Parkinson’s Disease and Movement Disorders

  • Mindfulness-based stress reduction (MBSR) offers the potential to alleviate at least some of the harmful symptoms experienced by people with Parkinson’s disease and their care partners. Senior author Sneha Mantri, MD, MS, Allison Allen, MSW, Lacy Rardin, MSW, Jeffrey Cooney, MD, Margaret Ivancic, and former Duke Neurology resident Deepal Shah-Zamora, MD, examined the effects of a nine-week MSBR on both of these groups. The team found that the MBSR improved mindful awareness in care partners and improved health-related quality of life in people with Parkinson’s. Read the full study in Complementary Therapies in Clinical Practice.
  • A devastating itching of the skin driven by severe liver disease turns out to have a surprising cause. The study found that the keratinocyte cells of the skin surface are acting as "pre-neurons." Senior authors Yong Chen, PhD, and Wolfgang Liedtke, MD, PhD,  as well as Carlene Moore, PhD, contributed to the study, which appears in GastroenterologyRead it here.

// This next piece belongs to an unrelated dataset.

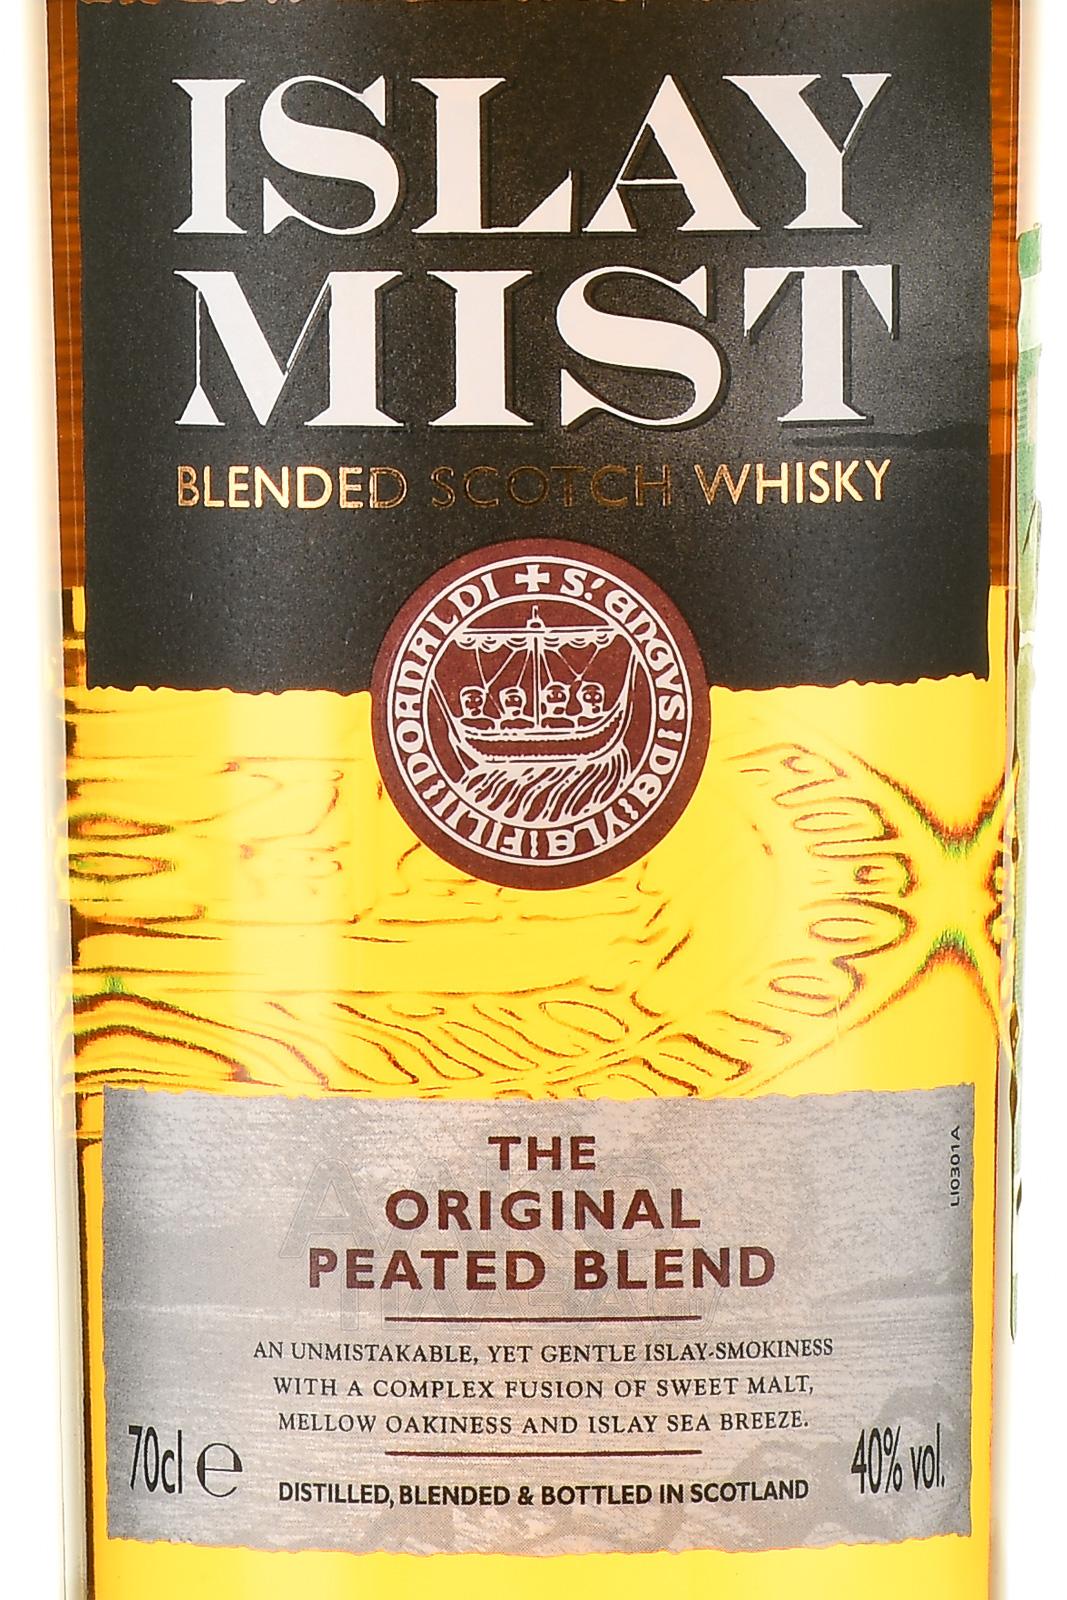 Mist 0.7. Айла мист виски 0.7. Виски Mist. Islay Mist виски. Highsl Mist виски.

Translational Brain Sciences

  • A new article in Science expands our understanding of the integrated stress response (ISR) in the brain and how it influences learning and memory. Lead authors Nicole Calakos, MD, PhD, and former Movement Disorders Fellow Ashley Helseth, MD, PhD, and colleagues found a class of neurons in the mouse brain, known as striatal cholinergic interneurons (CINs), in which the ISR was activated at steady state. Genetic and pharmacological manipulations revealed that ISR signaling was necessary in CINs for normal type 2 dopamine receptor (D2R) modulation and that Inhibiting the ISR inverted the sign of D2R modulation of CIN firing and evoked dopamine release and altered skill learning. Calakos lab manager Miranda Shipman, lab analyst Zachary Caffall, postdoctoral associate Brandon Turner, research technician Connor King also contributed to the study, which is available here.
  • A devastating itching of the skin driven by severe liver disease turns out to have a surprising cause. The study found that the keratinocyte cells of the skin surface are acting as ‘pre-neurons.’ Senior authors Yong Chen, PhD, and Wolfgang Liedtke, MD, PhD,  as well as Carlene Moore, PhD, contributed to the study, which appears in Gastroenterology. Read it here.
  • Wolfgang Liedtke, MD, PhD, wrote a commentary paper for Neuroscience Bulletin discussing a recent Nature paper, "STING controls nociception via type-I interferon signaling in sensory neurons" by Ru-Rong Ji, PhD, and colleagues at Duke. Read that analysis here. 

Other

  • Chromosomal instability and neuroendocrine CTC phenotypeare associated with worse survival in men with metastatic castration resistant prostate cancer who are being treated with abiraterone or enzalutamide, according to a new study in Clinical Cancer Research. Simon Gregory, PhD, contributed to that study. Read it here.